• **Source material**
───
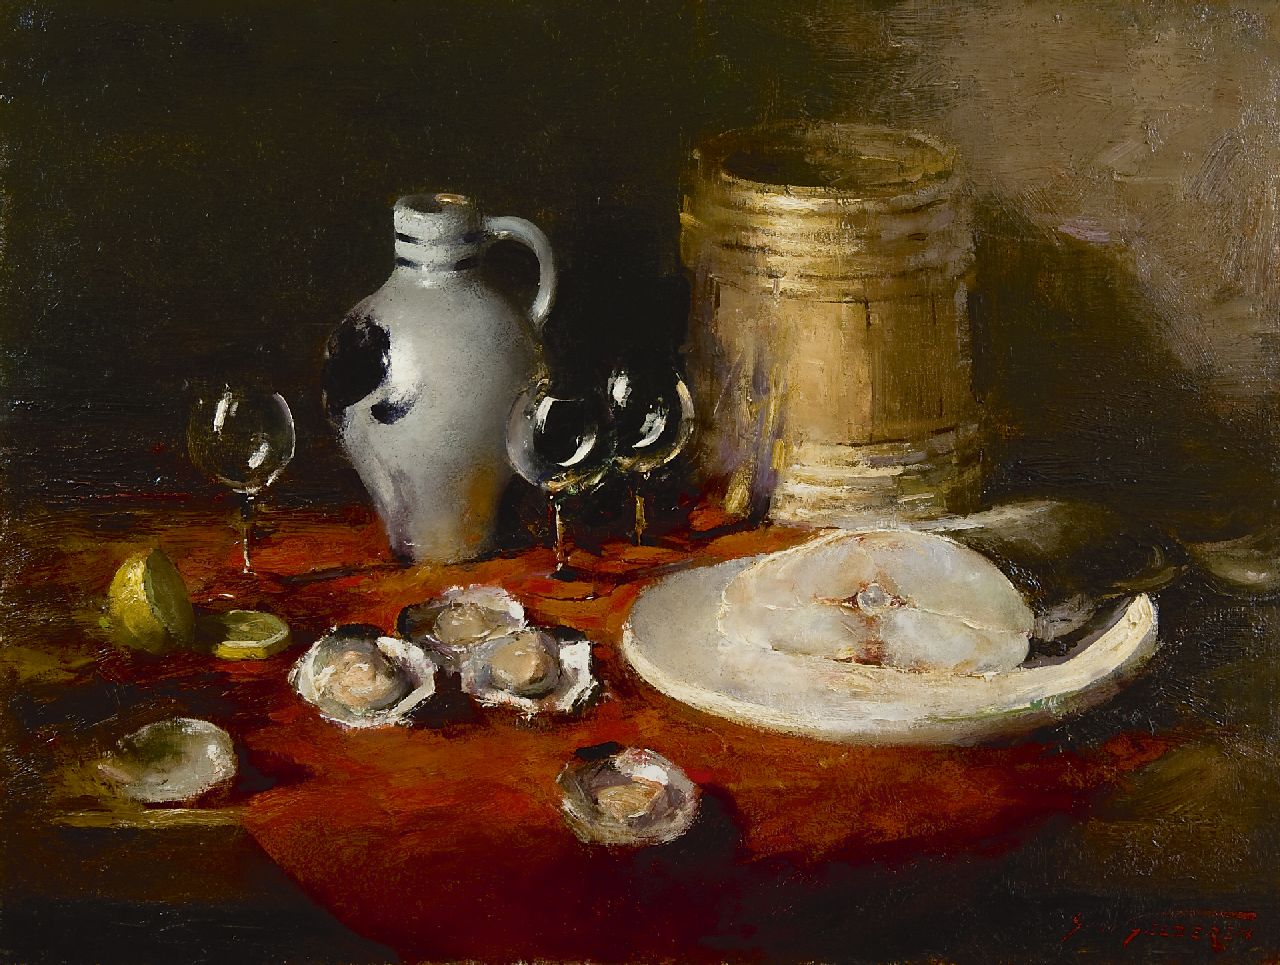 Gelderen S. van | Simon van Gelderen, Still life with oysters, jar and fish, oil on canvas 60.1 x 80.0 cm, signed l.r.
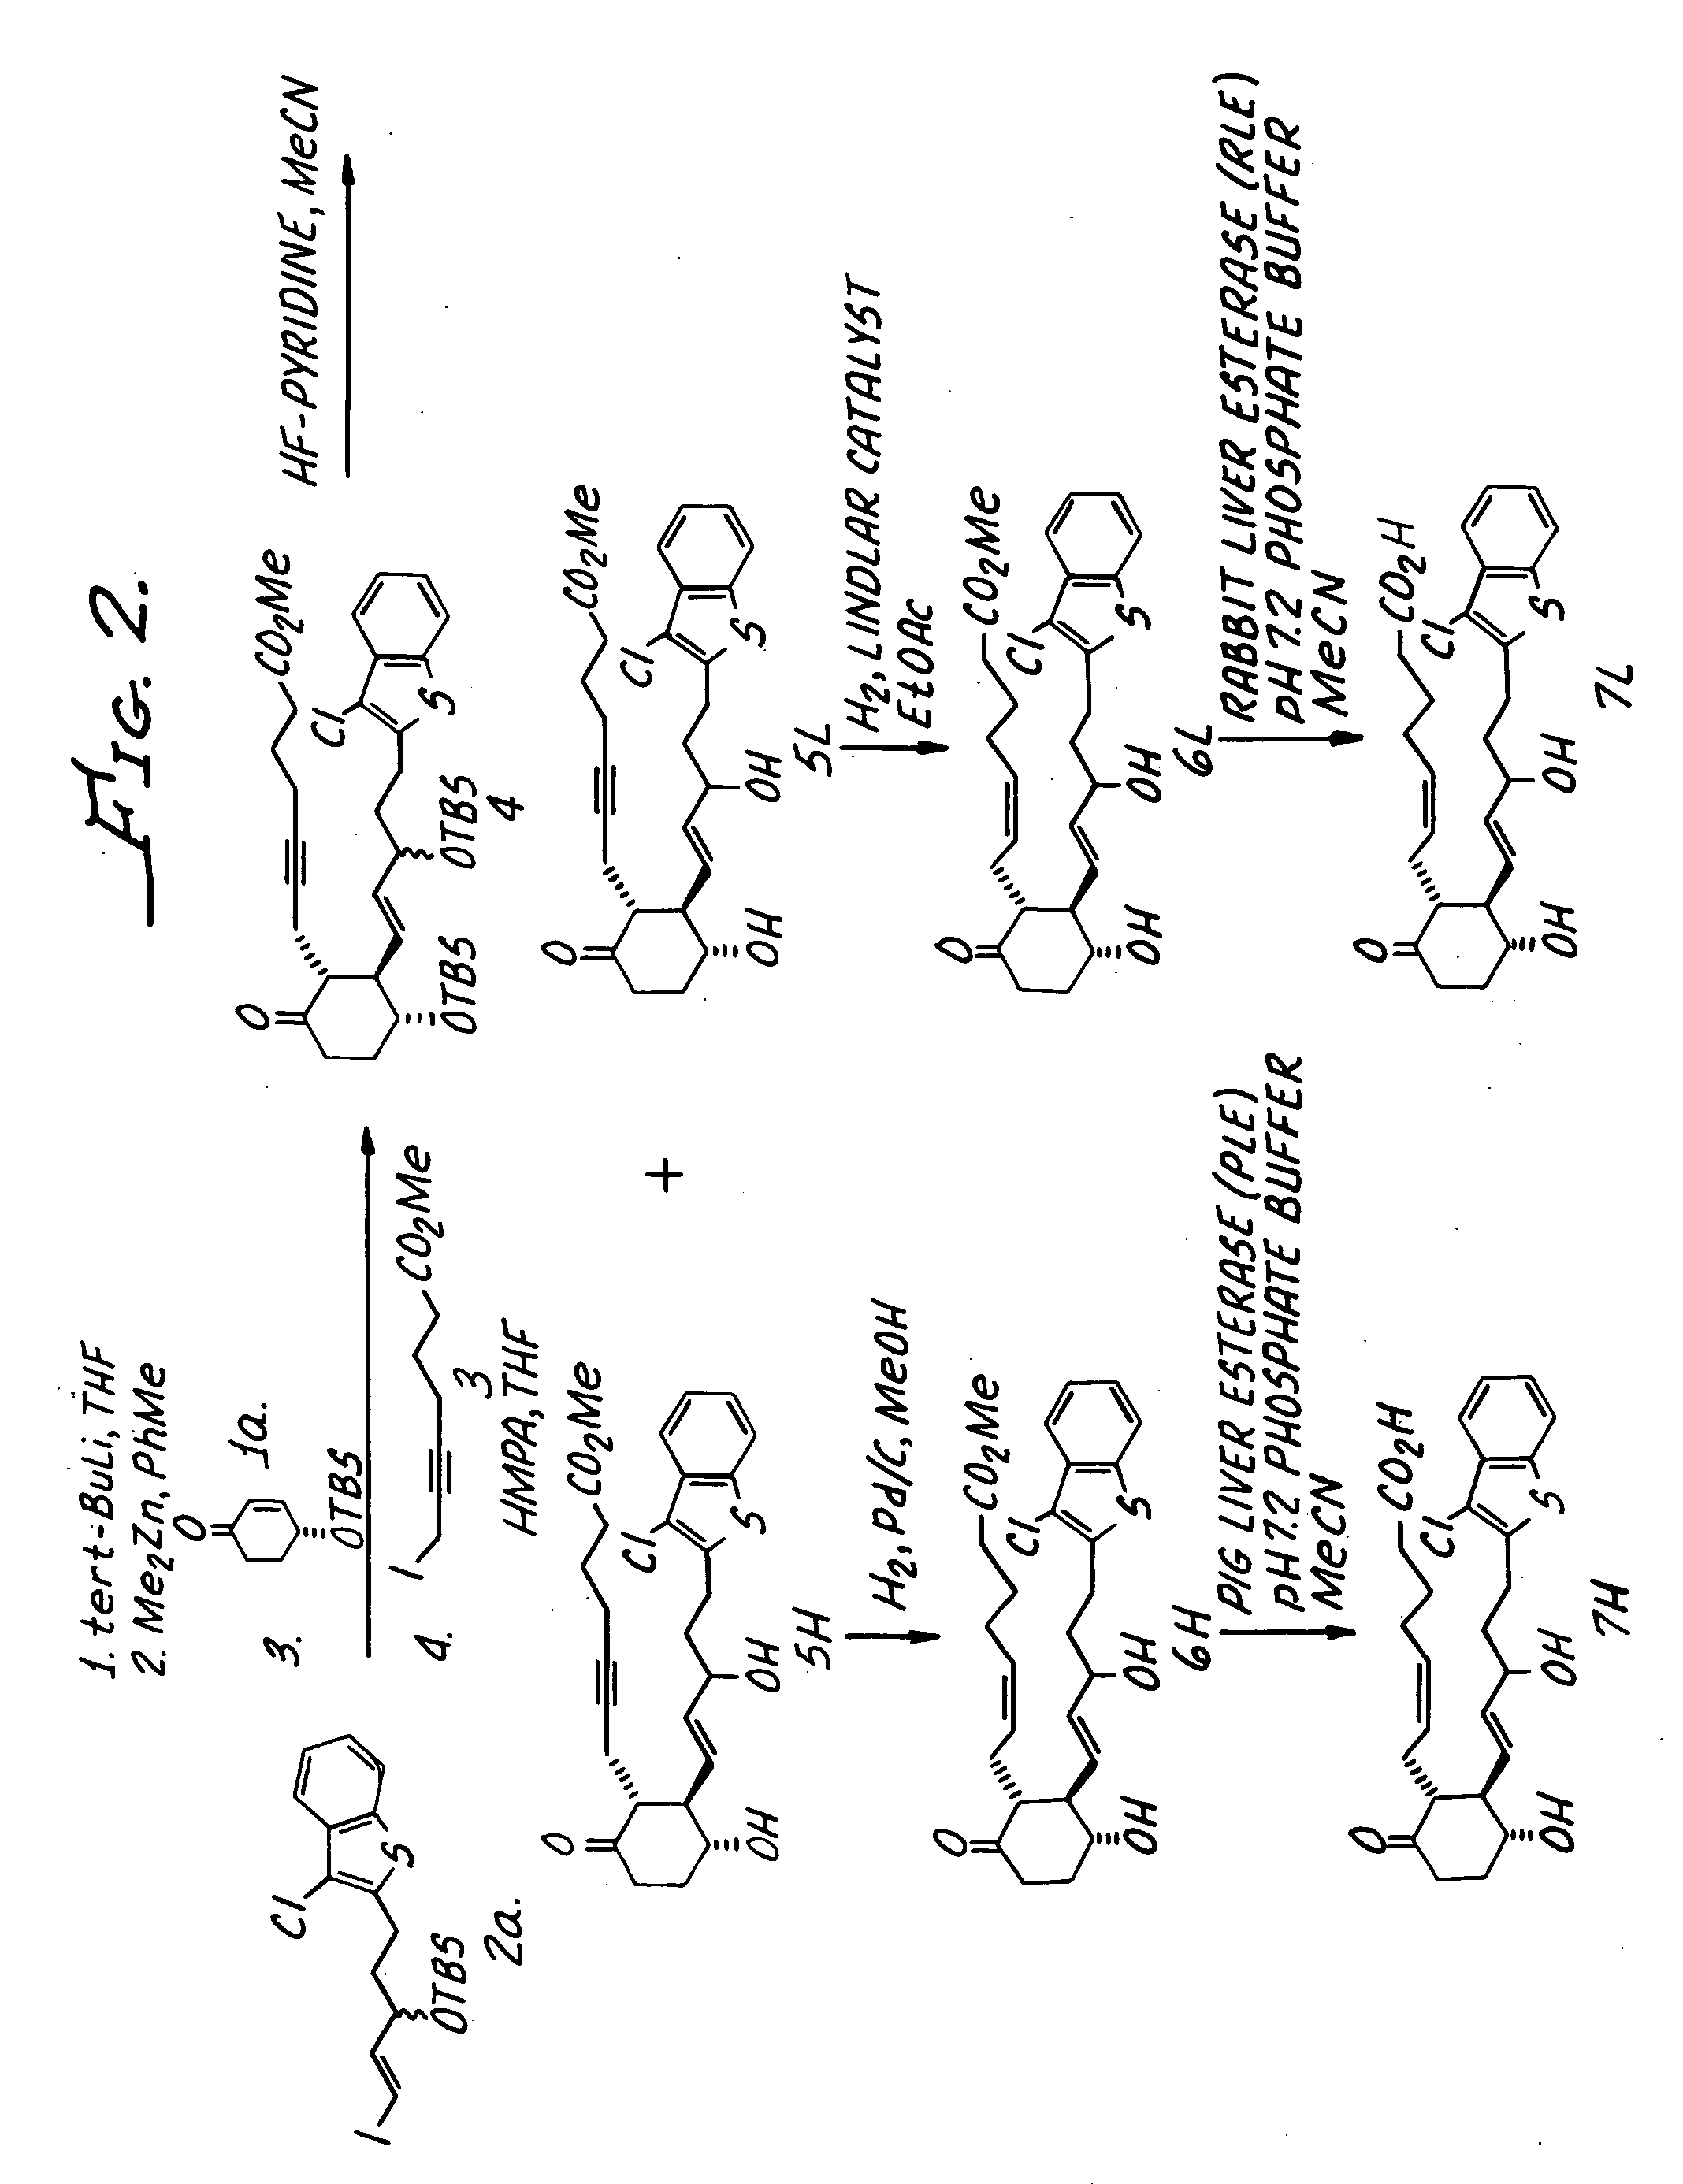 Cyclohexyl prostaglandin analogs as EP4-receptor agonists
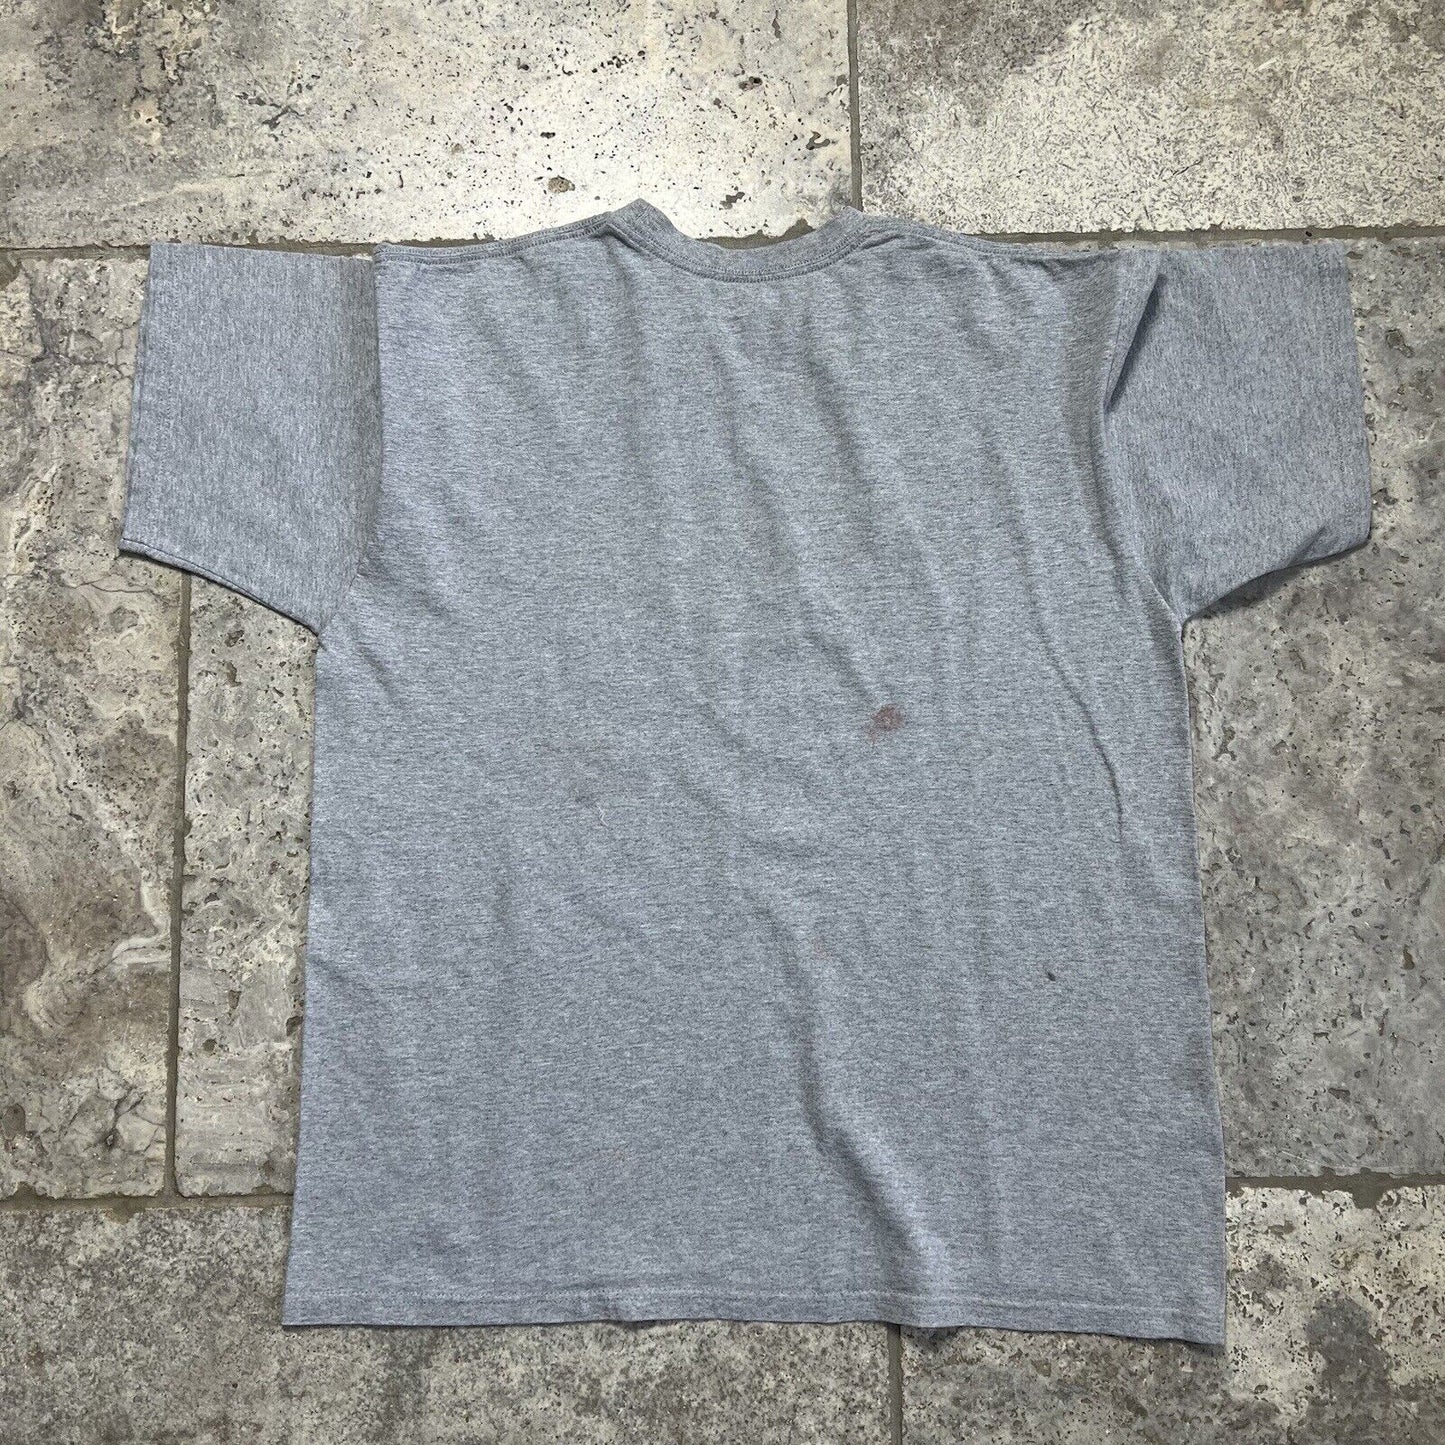 Nike Ohio State T Shirt 2010, Men’s, Large
───
• **Directions for this task**
Could you print the whole listing again, exactly, leaving the pictures out?

• **Answer below**
 Gelderen S. van | Simon van Gelderen, Still life with oysters, jar and fish, oil on canvas 60.1 x 80.0 cm, signed l.r.
 Cyclohexyl prostaglandin analogs as EP4-receptor agonists
 Nike Ohio State T Shirt 2010, Men’s, Large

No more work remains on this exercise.